# Wanna Buy A Digital Camera..... need help.



## aditya.shevade (Nov 22, 2006)

Hi

My father wants to buy an SLR Digital camera around 25,000-30,000/- at the most. Can anyone tell me which one is the best in that range. From anyones experience?

Aditya


----------



## Kiran.dks (Nov 22, 2006)

Check out this :
*www.thinkdigit.com/forum/showthread.php?t=41105


----------



## sysfilez (Nov 22, 2006)

i doubt u will get a DSLR at that budget. anyway keep hunting and pls do let us know which model u bought.


----------



## aditya.shevade (Nov 22, 2006)

@sysfilez.

I found many pieces of DSLR in that range, I just wanted to know if anyone has one of those and what are their experiences.

Aditya


----------



## janitha (Nov 22, 2006)

You will get a Nikon D50 DSLR for about 30-32k but only from the gray market and I think this is the cheapest you are lkely to get. I am planning to get a Canon EOS 400D which costs abot 48K now. It was recently launched and so I am waiting for the price to come down. As you know every product when launched, cost a lot.
For a general idea on photograpic produts including DSLRs, prices and specifications, visit www.jjmehta.com.
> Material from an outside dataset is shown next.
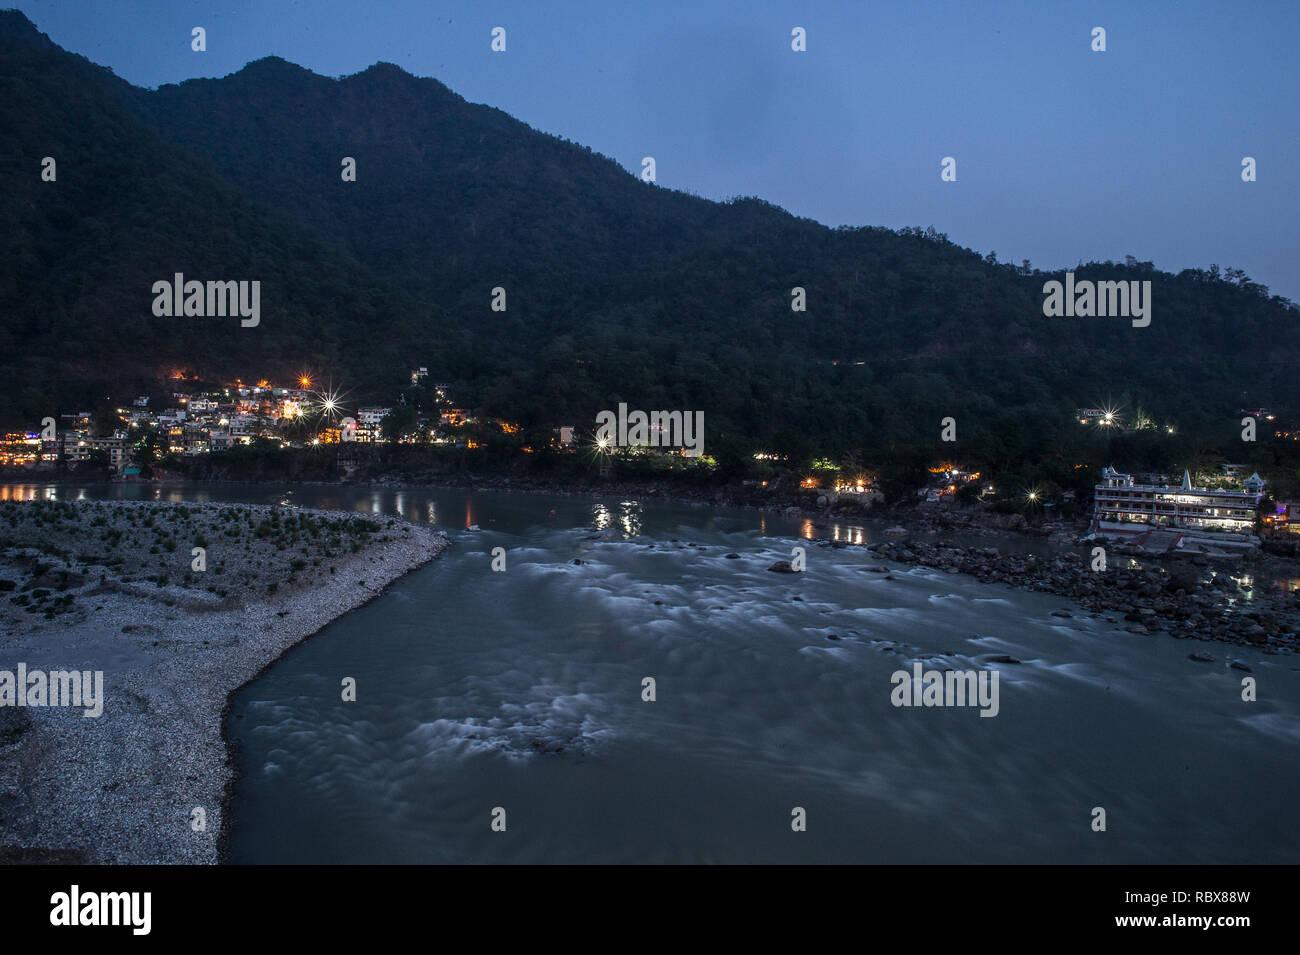 Ganges River, Rishikesh, India - Stock Image

The pricess may be a bit high but you will get a rough idea.


----------



## sysfilez (Nov 23, 2006)

nikon d50 us a good dslr but then u got to buy wide angle and telepoto lenses and that costs a lot.
__________


			
				aditya.shevade said:
			
		

> @sysfilez.
> 
> I found many pieces of DSLR in that range, I just wanted to know if anyone has one of those and what are their experiences.
> 
> Aditya


pls let us know ur buy.


----------